Гости окружили ее и стали упрашивать. Наконец она сдалась и попросила музыкантов
сыграть трепака. Гости стали хлопать еще усерднее. Жена врача начала плясать.
Азиз-хан наполнил бокал, вышел на середину и выпил за здоровье ханум. Потом
достал из кармана три рубля, всунул в папаху одного из музыкантов и принялся
хлопать в ладоши.
Не дождавшись Велигулу, Кебле-Мамед-Гусейн
прошел в переднюю и стал смотреть на танцующих. Азиз-хан вынул еще трехрублевку
и вложил в папаху другого музыканта, игравшего на кеманче.
Собрав пустые тарелки, Велигулу вышел из зала и направился
к кухне, но Кебле-Мамед-Гусейн загородил ему дорогу и умоляюще зашептал, обняв
тарелки:
— Не губи меня, возвращайся сейчас же и принеси мне одну из
трех трешниц!
Велигулу растерялся, не зная, как быть.
— Не губи бедного Гуси, исполни мою просьбу, — продолжал
Кебле-Мамед-Гусейн.
Велигулу поставил посуду на подоконник и, вернувшись в зал, почтительно
подошел к хану и прошептал ему на ухо:
— Хан! Жалко этого Кебле-Мамед-Гусейна, у него болен
ребенок, надо позвать врача. Он просит уплатить ему за барашка.
Азиз-хан в это время усердно бил в ладоши и пел во все
горло:
Словно чистый снег, белеешь на горе...
Продолжая петь, он вышел в переднюю:
—Ну что, Мамед-Гусейн, зачем пришел?
— Пришел, хан, просить деньги за барашка.

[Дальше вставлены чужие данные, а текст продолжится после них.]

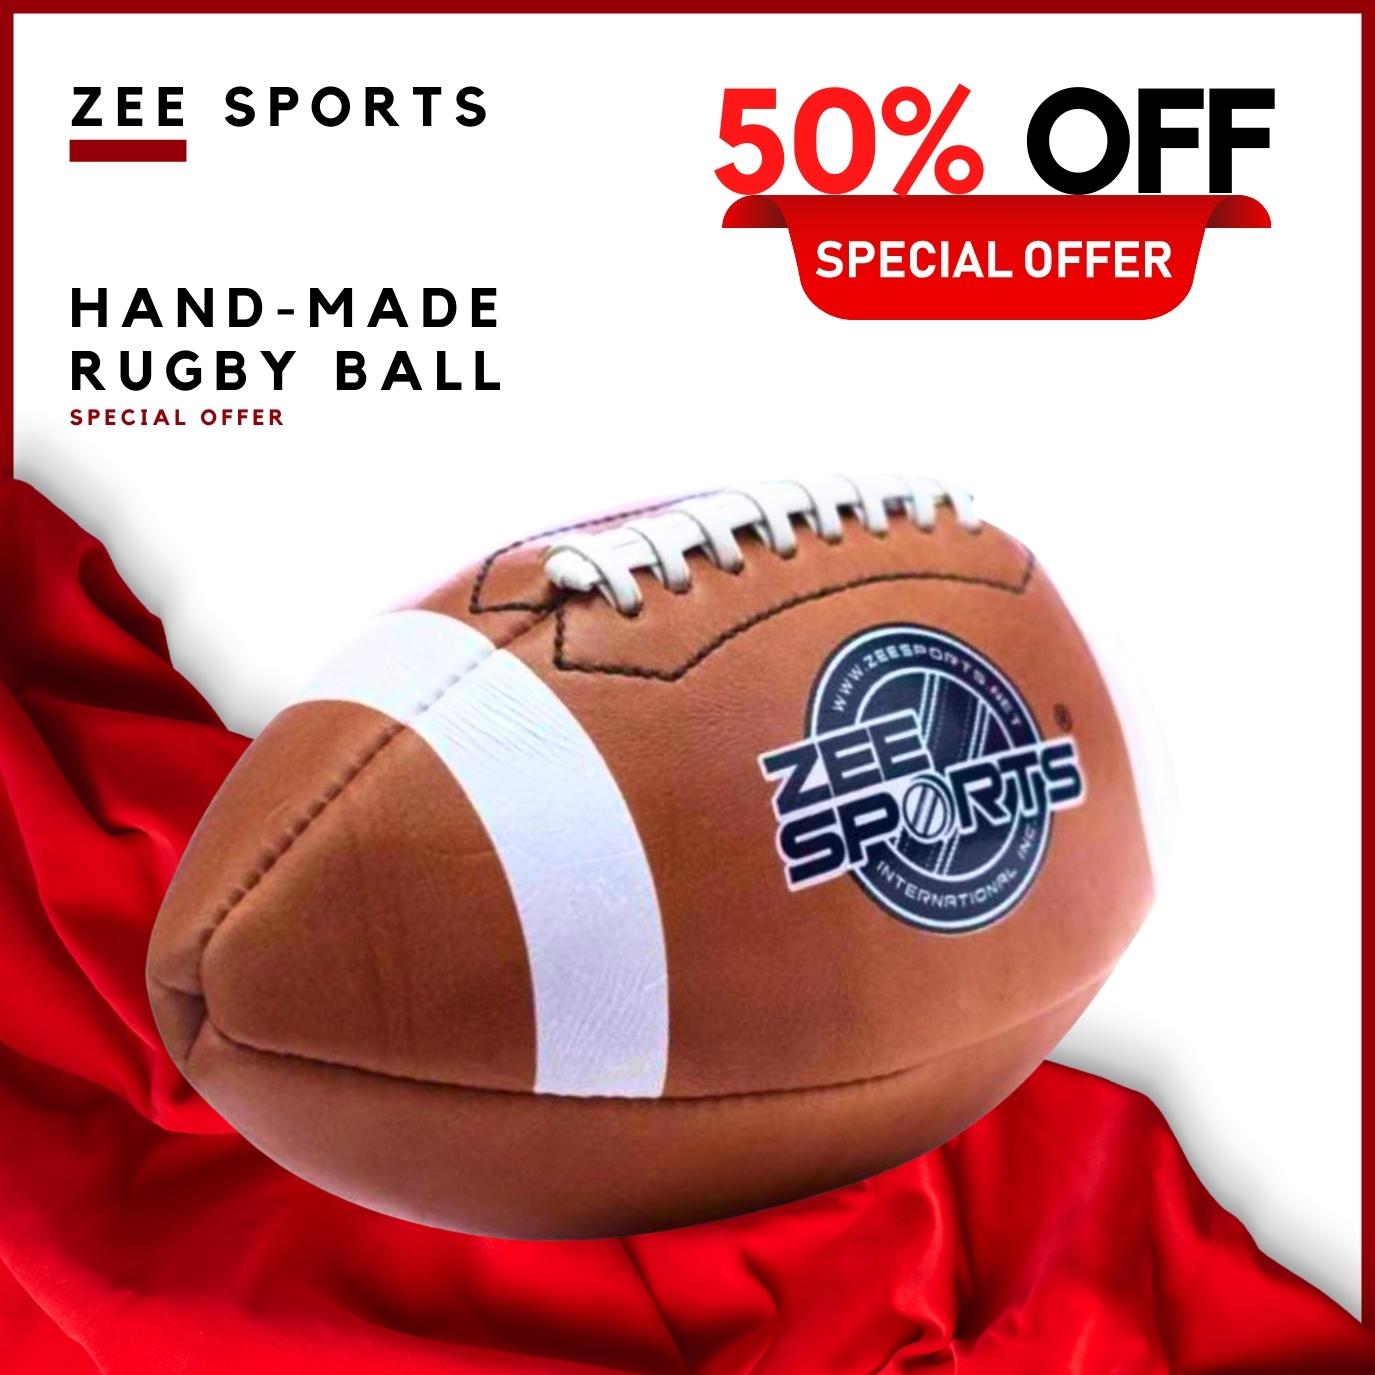 Zee Sports Hand-Made Rugby ball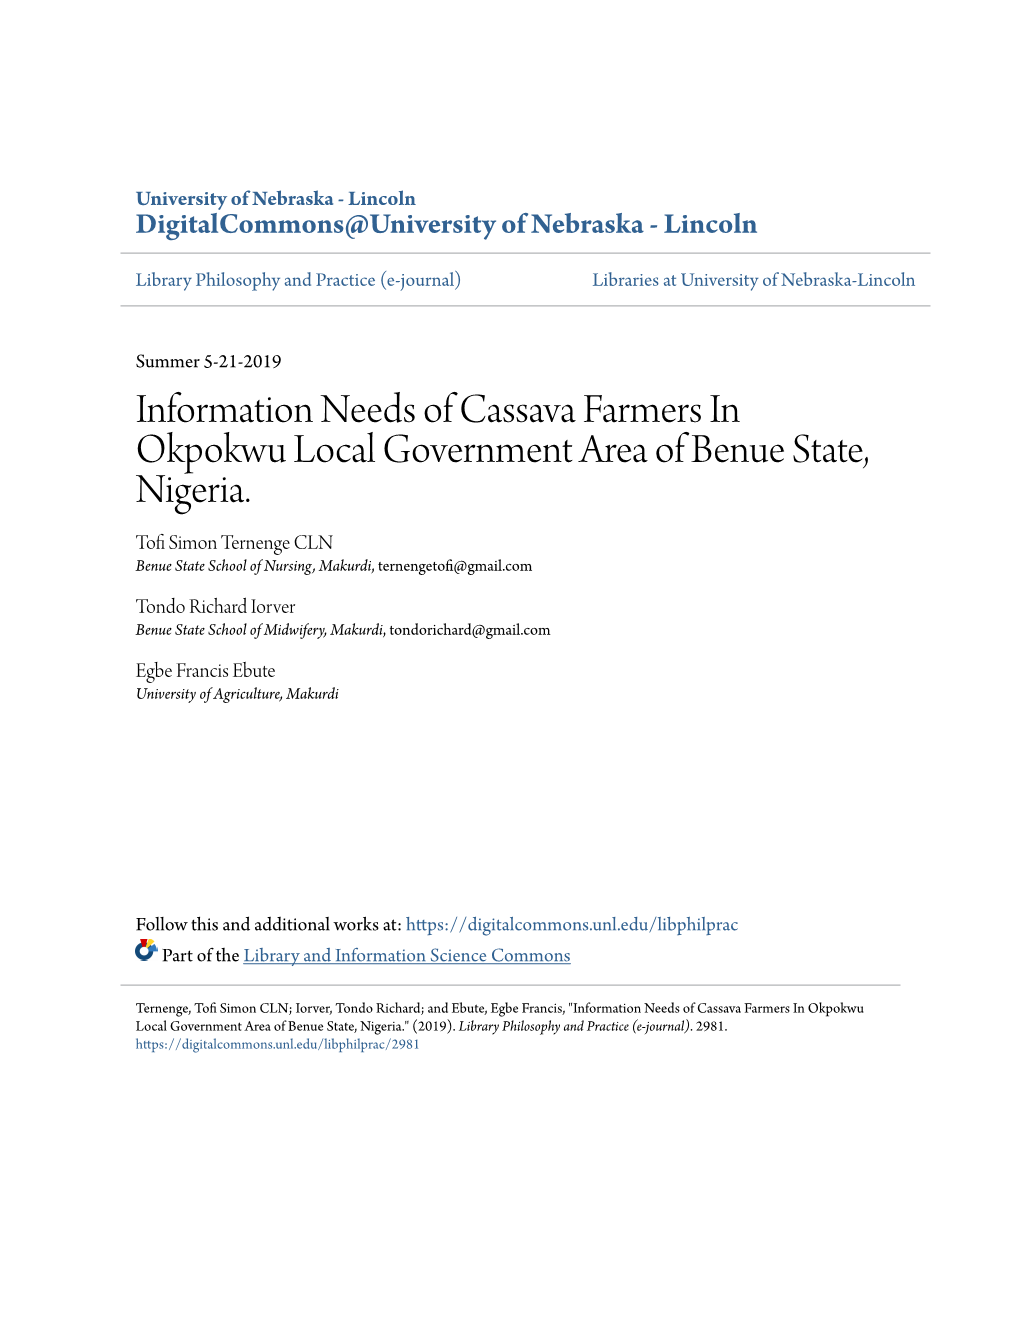 Information Needs of Cassava Farmers in Okpokwu Local Government Area of Benue State, Nigeria

— А что, опять принес барашка?
— Нет, хан. Прошлый раз приносил. У вас тогда не оказалось
мелочи.
Азиз-хан сунул руку в карман, пошел было к гостям, но остановился,
повернулся к Кебле-Мамед-Гусейну и, еле ворочая языком, стал расспрашивать:
— Неужели до сих пор не заплатил? Почему?.. Хорошо, отдам,
иди, иди... Какой барашек, что за барашек?.. Теперь нет мелких... Велигулу отдаст,
я велю...
Словно чистый снег...
И пьяный хан, продолжая петь, вошел в зал,
достал из кармана пачку денег, вложил одну трехрублевку в папаху третьего
музыканта, бившего в бубен, а другую бросил Велигулу для Кебле-Мамед-Гусейна.
Получив деньги, Кебле-Мамед-Гусейн вышел во двор.
К полуночи гости начали расходиться. Но Азиз-хан, сильно
охмелев, давно уже спал.
Прошло несколько месяцев.
Как-то Кебле-Мамед-Гусейн шел мимо дома Азиз-хана. Ворота
были открыты. На улице стояли два фаэтона. У хана шел кутеж. Приехали на
фаэтоне еще гости — два русских чиновника — и вошли в дом. Постояв у ворот и
поглазев на прохожих, Кебле-Мамед-Гусейн сел у стены на корточки и закурил
трубку. Просидев с полчаса, он медленно подошел к воротам и стал смотреть, что
делается во дворе. Потом в раздумье побрел на базар.
Через несколько дней Кебле-Мамед-Гусейн как-то
сидел на бульваре. Был полдень. Азиз-хан и следовавшие за ним несколько
крестьян шли мимо конторы нотариуса. Кебле-Мамед-Гусейн подошел сзади к хану и
вежливо поздоровался. Когда хан повернулся к нему, он сложил на животе руки и
почтительно сказал:
— Хан, стыдно мне говорить об этом, но деньги за барашка до
сих пор не уплачены.
— За какого барашка? Разве я не уплатил? — удивился хан.
— Правда, хан, вы достали тогда три рубля, чтобы дать мне,
но отдали их музыканту. Слава аллаху, кеманчист Азиз не умер! Если не верите,
велите позвать его и спросить. И что такое три рубля, чтобы я стал обманывать
вас! Слава аллаху...
— Почему до сих пор деньги не уплачены тебе? — сердито
прервал его хан. — И что это за деньги? Какой там еще чертов барашек?
Останавливаешь посреди улицы, пристаешь с каким-то барашком и музыкантами!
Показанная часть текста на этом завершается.